Shared off-road pathways will be built in Swan Hill’s McCallum and Beveridge streets thanks to a joint Council and TAC project.
Swan Hill Rural City Council was one of 23 Victorian councils to be awarded a share of $1.2 million under the TAC’s LGA Small Infrastructure Grants Program.
The program encourages councils to develop solutions to local safety issues for cyclists and pedestrians. TAC data shows these road users account for more than 1600 serious injuries across the state each year.
Mayor Michael Adamson said $100,000 from Council and $100,000 from the TAC would be used to build two sections of sealed off-road pathways to cater for cyclists and pedestrians.
A new shared pathway will be built on McCallum Street, between Stradbroke Avenue and High Street, along the Swan Hill Showgrounds boundary. The crossing on Stradbroke Avenue will also be upgraded.
The existing footpath on the west side of Beveridge Street, between Nyah Road and Pritchard Street, will also be upgraded to make it a shared pathway.
“At the moment, cyclists share these busy sections of road with cars and large trucks.

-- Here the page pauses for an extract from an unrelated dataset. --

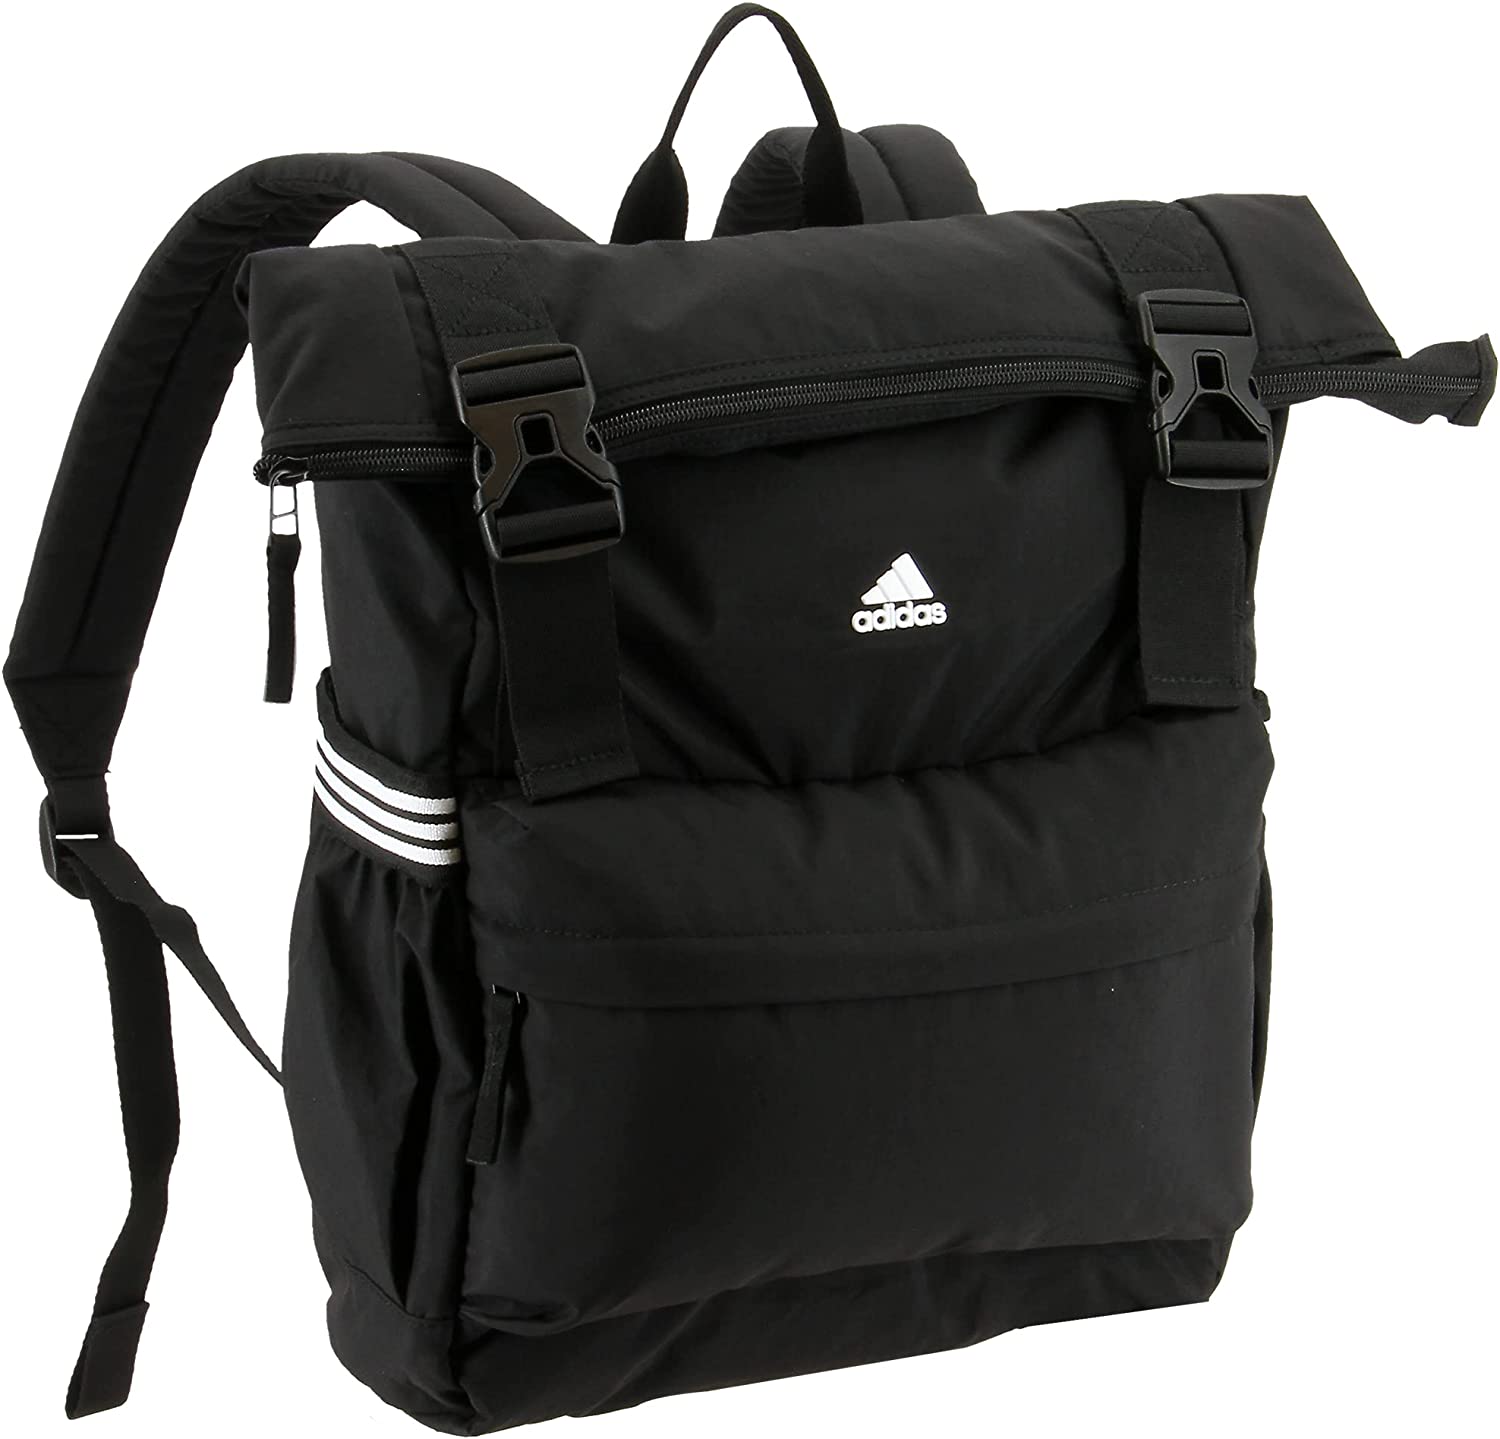 Adidas Yola III Backpack

These off-road pathways will make it safer for cyclists, but also create a new path for walkers,” Cr Adamson said.
“This project fits well with Council’s renewed focus on active transport and we hope the new pathways give people the confidence and facilities to do more riding and walking around our city,” he said.
Council expects to start work on the new pathways early in 2015.

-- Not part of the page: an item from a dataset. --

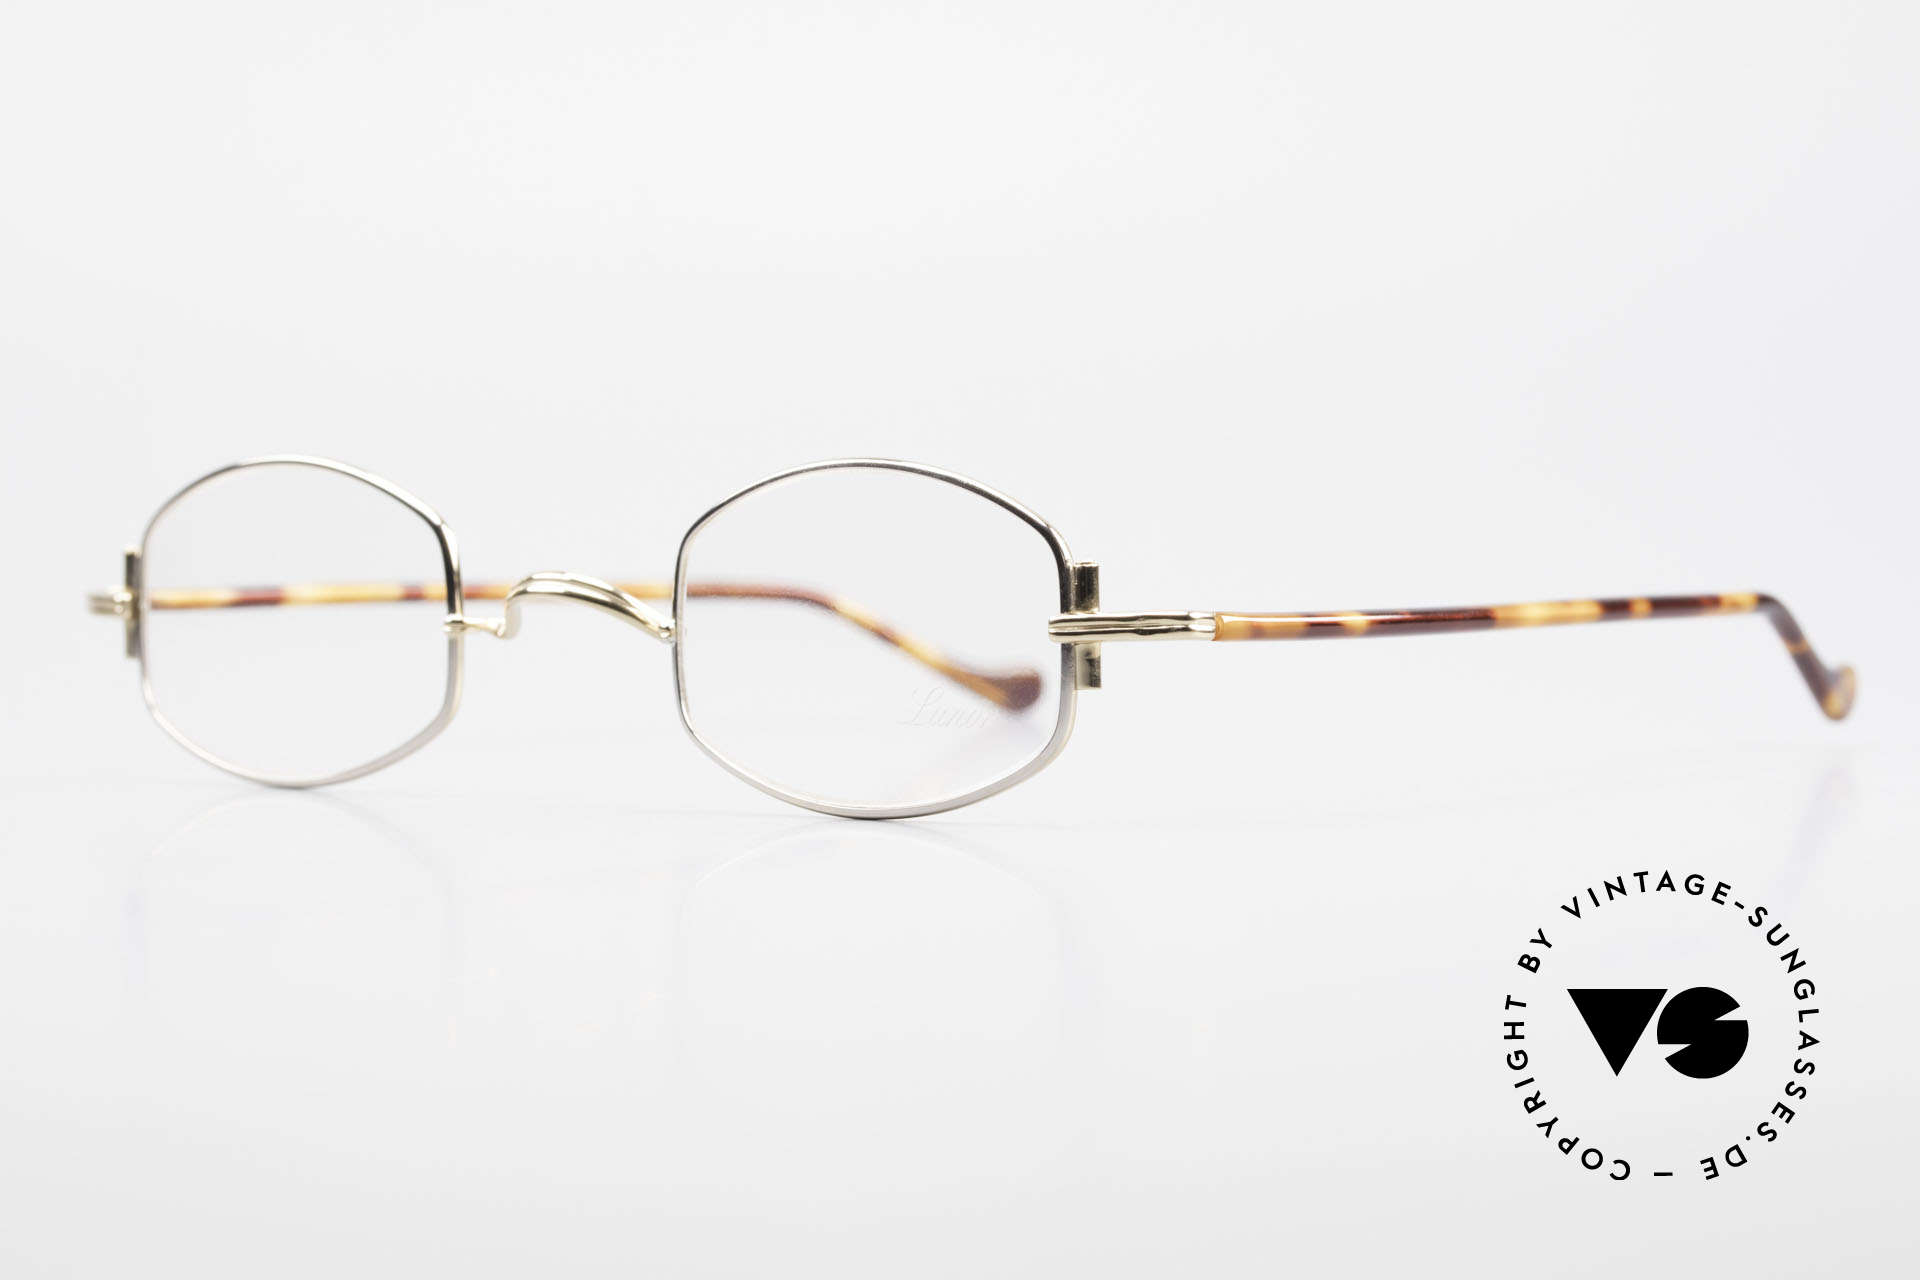 Lunor XA 03 Lunor Brille No Retro Vintage, bekannt für den W-Steg und die schlichten Formen, Passend für Herren und Damen

TAC chief executive officer Janet Dore congratulated Council on the grant, saying it would make the local community safer and more cycling and pedestrian friendly.
“Whether you’re on two wheels or two feet, if you are involved in a collision with a car, you will come off second best. The projects funded under the first round of this grants program are all about creating safer walking and cycling areas to prevent these types of collisions,” Ms Dore said.
“Local authorities are in a great position to identify local safety issues and this grant recognises Swan Hill Rural City Council’s work to overcome them,” Ms Dore said.
The TAC received 94 applications from 52 Victorian councils. In August, local governments were invited to apply for grants of up to $25,000 for planning and researching innovative safety treatments. Councils with plans already in place were also eligible to apply for matched-funding grants of up to $100,000 to cover the cost of implementing the new infrastructure.